▸ **The problem**
Could the listing be repeated exactly, with every picture dropped?
----- Supplied information -----
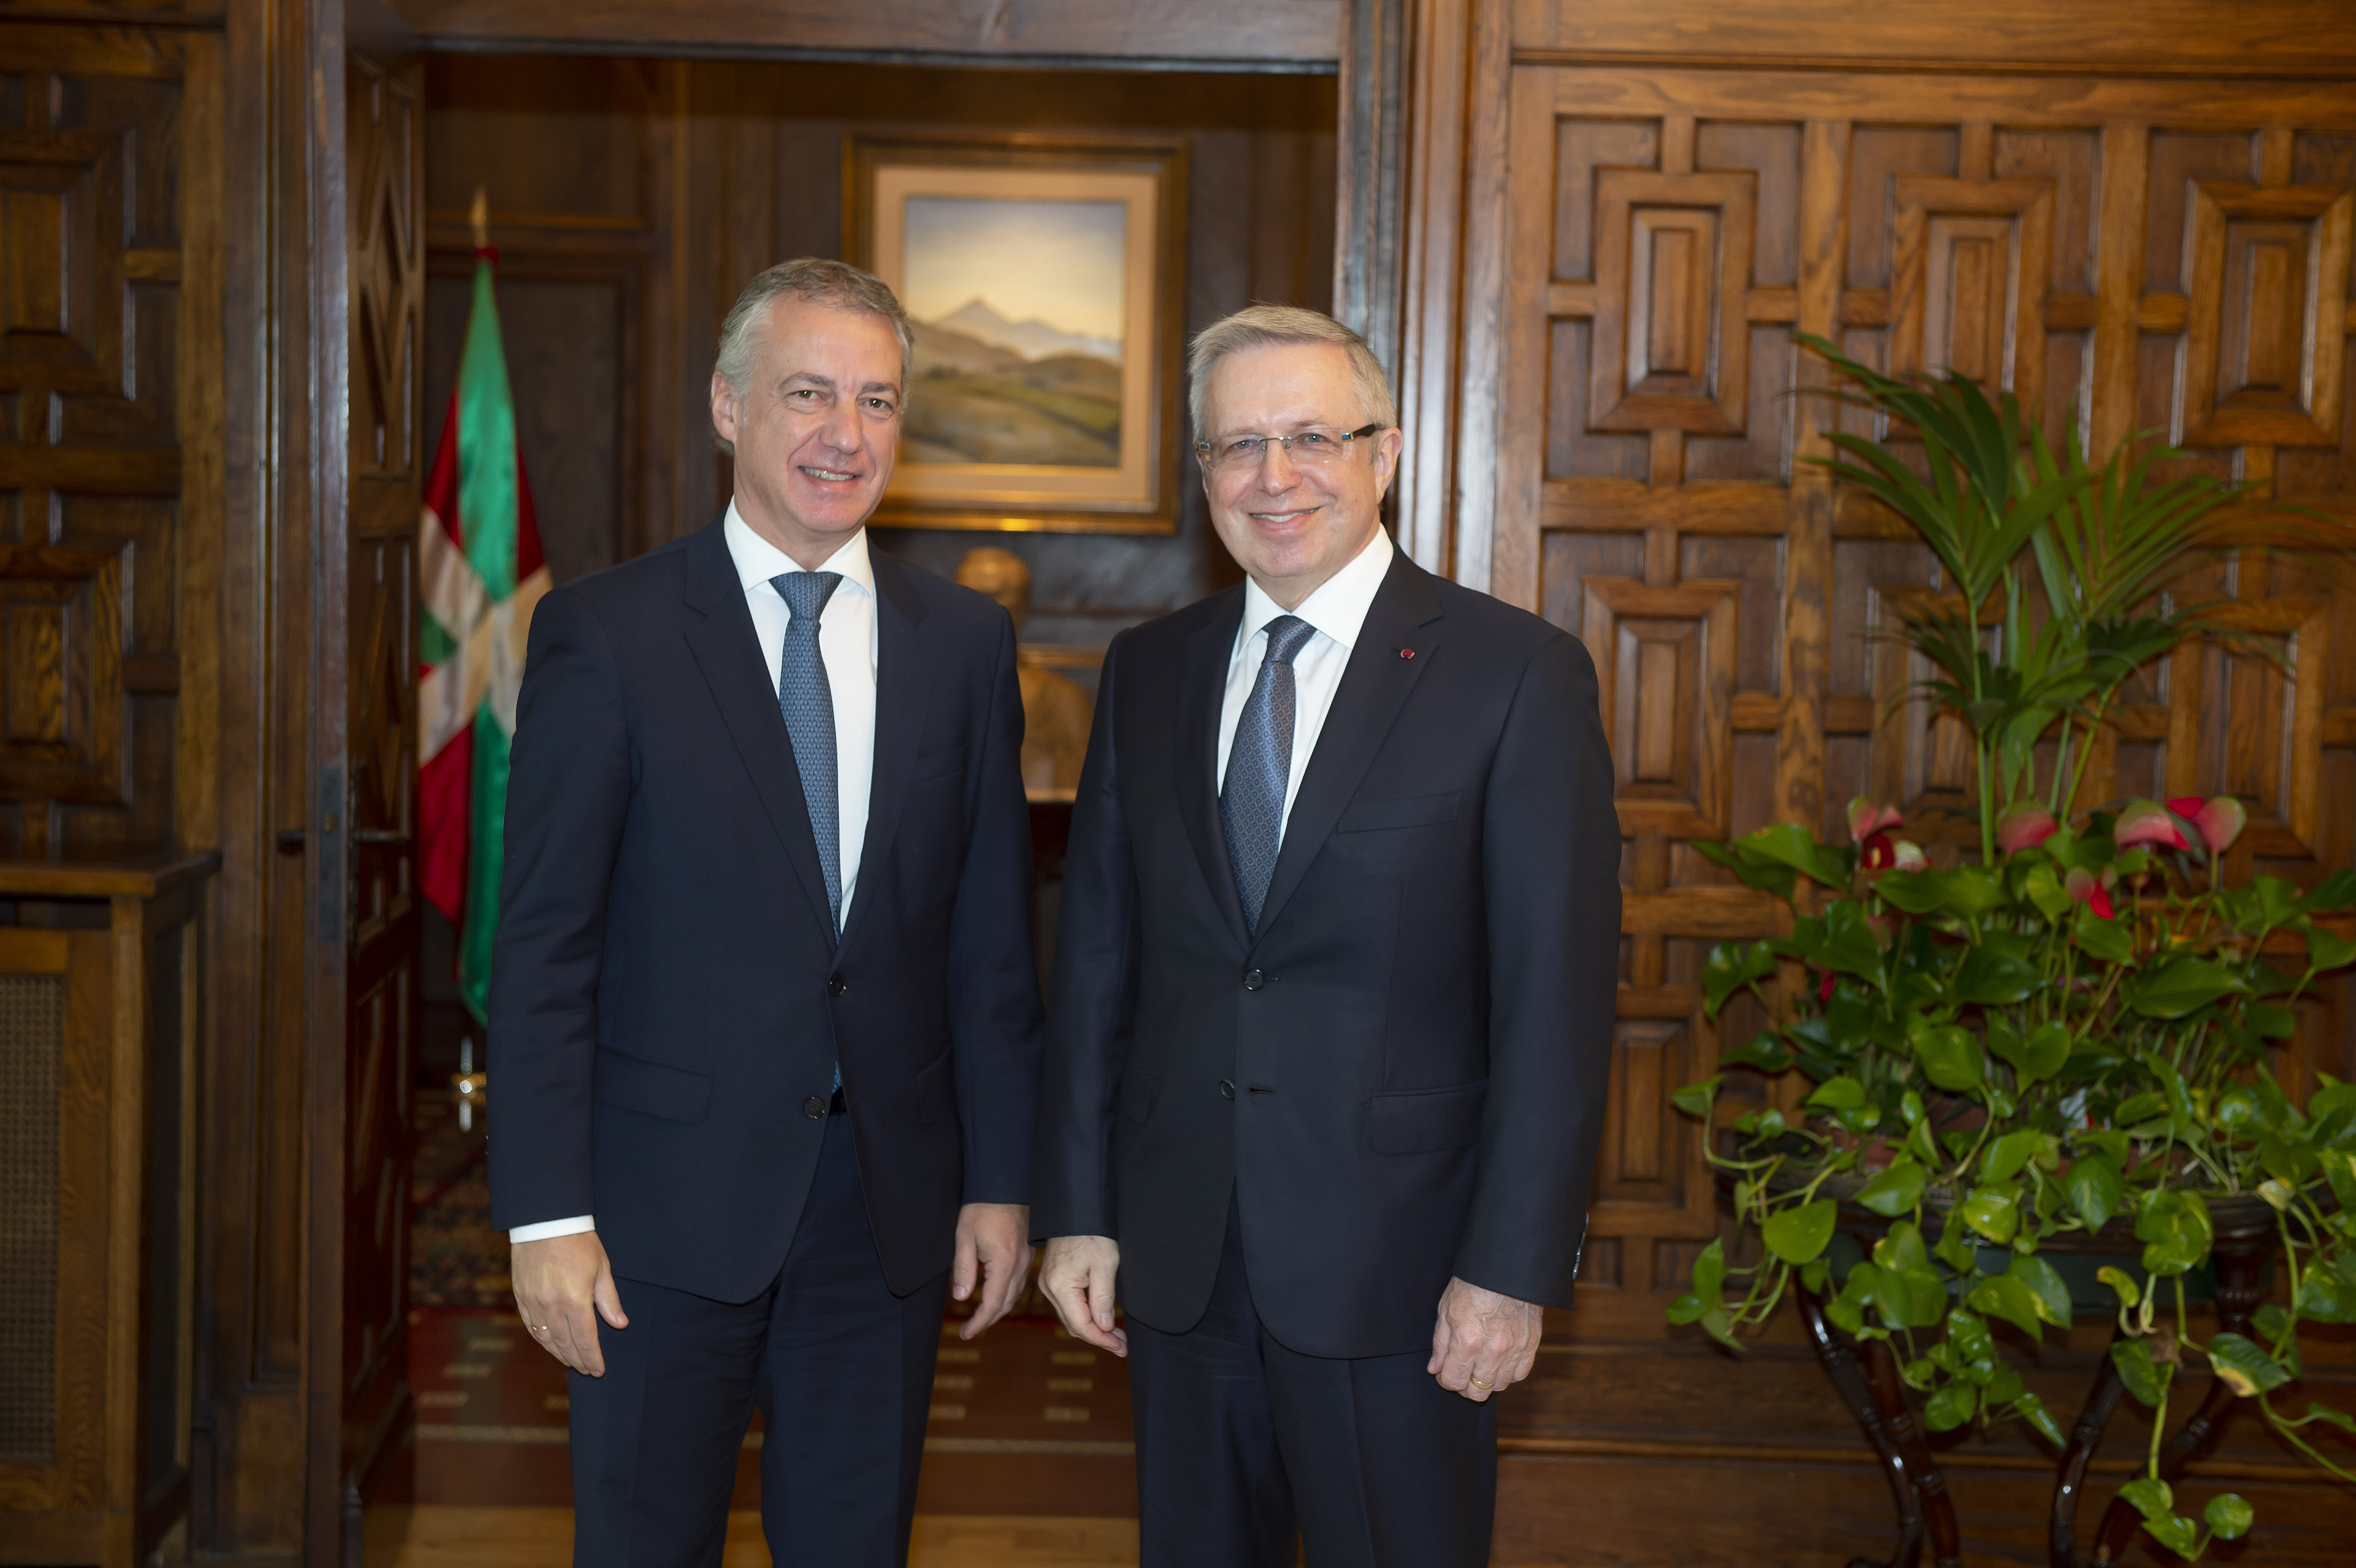 El Lehendakarirecibe al Embajador de Kazajistán
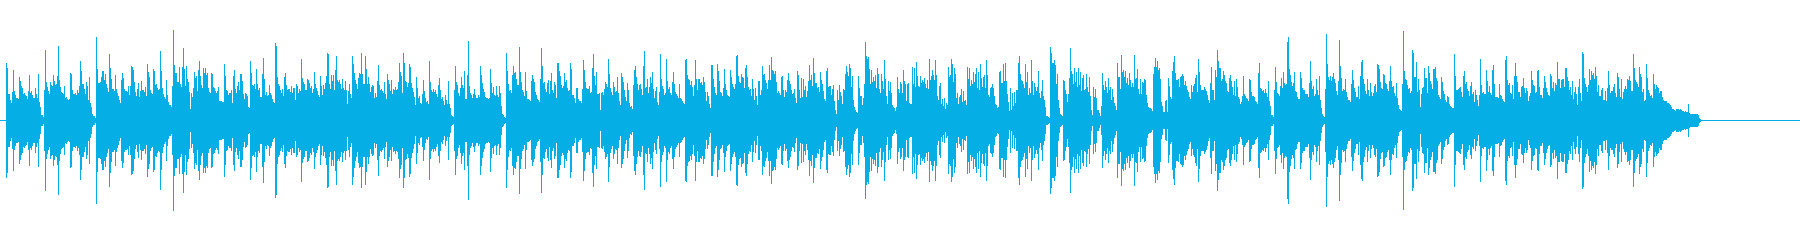 地味な作業シーン向きアコギBGMの再生済みの波形
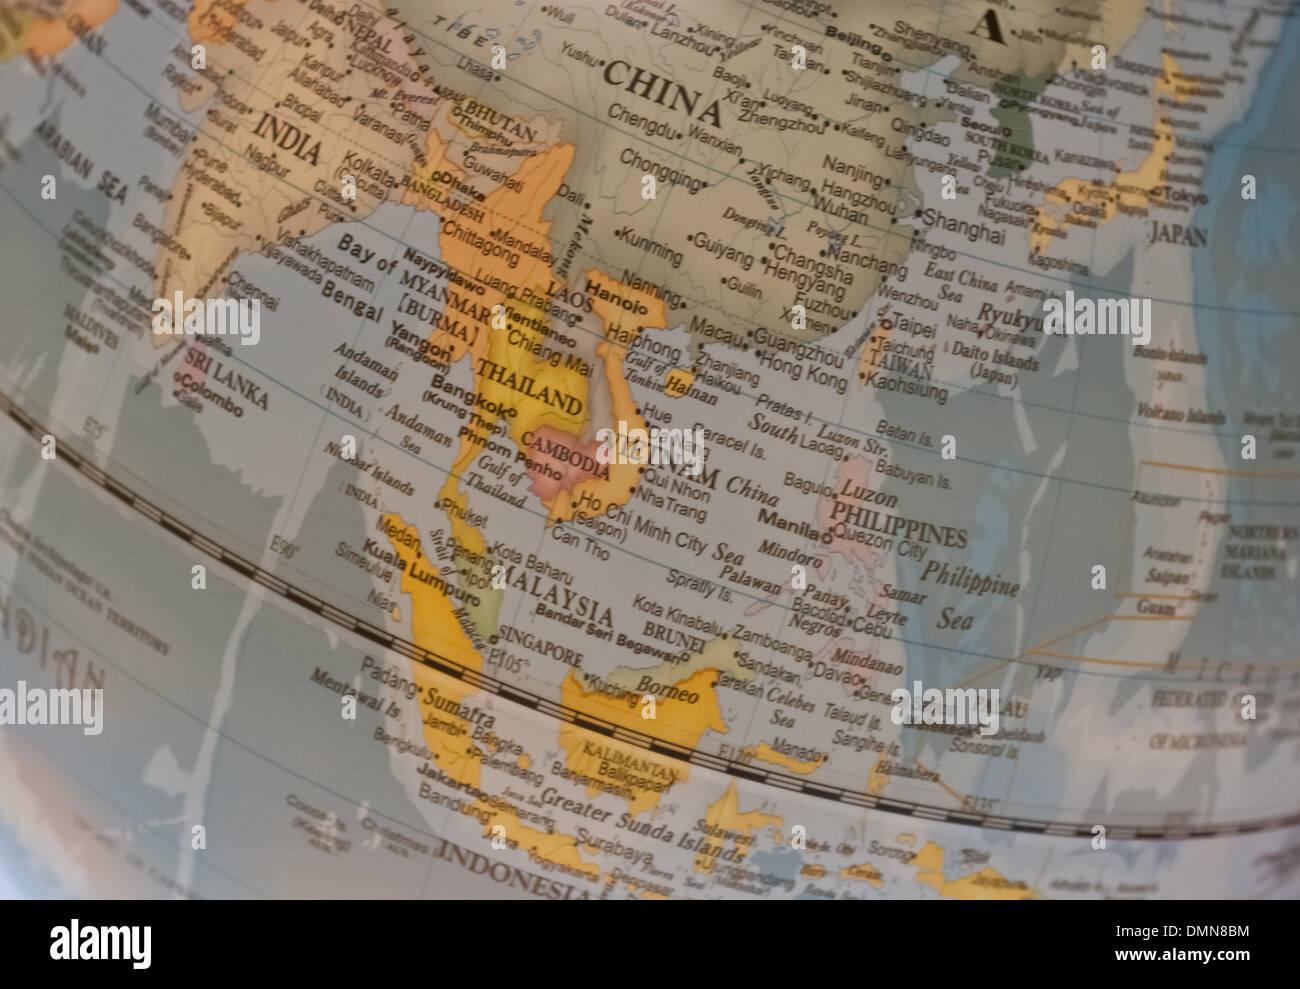 Asien Länder Karte.Süd Ost Asien Länder Karte Auf Einem Globus Stockfoto Bild
-----
▸ **Exercise result**
 El Lehendakarirecibe al Embajador de Kazajistán
 地味な作業シーン向きアコギBGMの再生済みの波形
 Asien Länder Karte.Süd Ost Asien Länder Karte Auf Einem Globus Stockfoto Bild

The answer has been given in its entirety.